For given real matrix $H,T\in \mathbb{R}^{n,n}$ ($H$ is full column rank, and thus $H^\top W H$ is well-defined), we intend to find a symmetric positive definite matrix $W\in \mathbb{R}^{n,n}$ such that the following optimization problem is solved:
$$\min_{W\in\mathbb{S}^{n}_+} \|(H^\top W H)^{-1}H^\top WT\|_2$$
where $\mathbb{S}^{n}_+$ is the set of symmetric positive-semidefinite matrices of order $n$. However, this problem is not easily solved by off-the-shelf solvers (I am not sure if it is convex). I intend to formulate it as an SDP problem.
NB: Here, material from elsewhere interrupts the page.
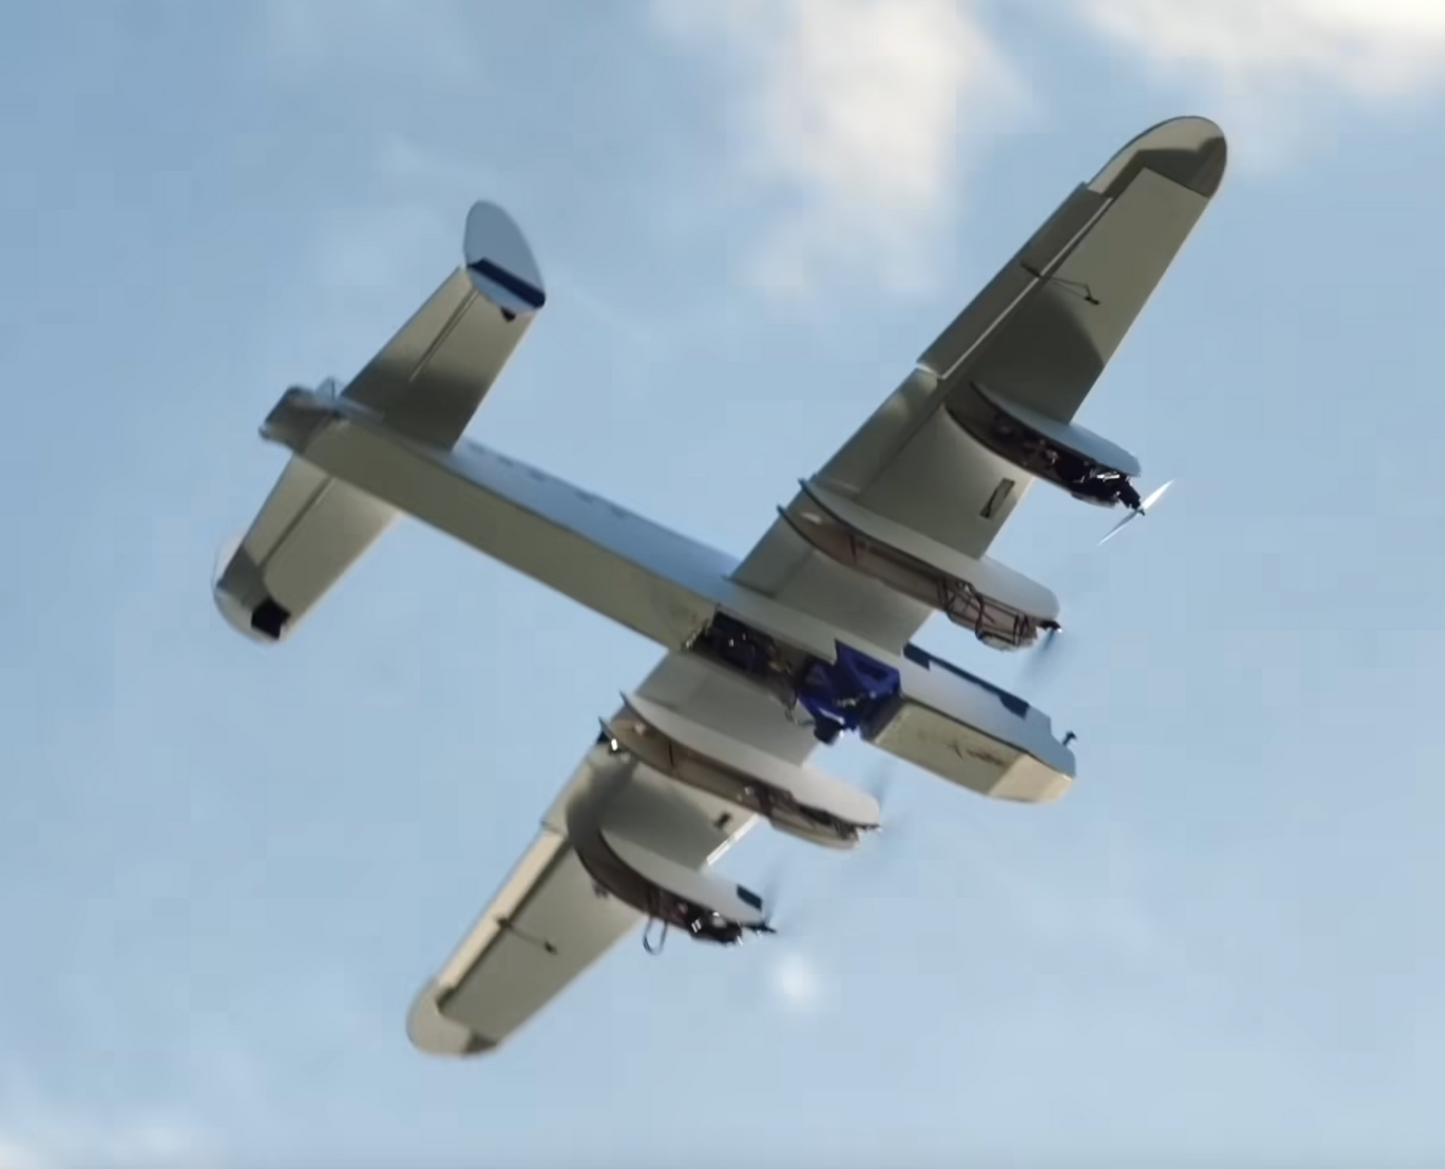 Project Air Lancaster Bomber RC Plane Plans

Firstly, it is equivalent to the following problem:
$$\min_{t>0,W\in\mathbb{S}^{n}_+} t \text{ such that } $$ $$T^\top W H (H^\top W H)^{-\top}(H^\top W H)^{-1}H^\top WT \preceq t I$$
By the result of the Shcur complement it is equivalent to:
$$\min_{t>0,W\in\mathbb{S}^{n}_+} t \text{ such that } $$ $$\begin{bmatrix}(H^\top W H)^2 & H^\top WT\\ T^\top W H& tI\end{bmatrix}\succeq 0$$
However, due to the quadratic term $(H^\top W H)^2$, this is not an SDP problem and can not be directly solved by convex problem solvers. Are there any ideas to reformulate it to convex opt problem or how to solve it?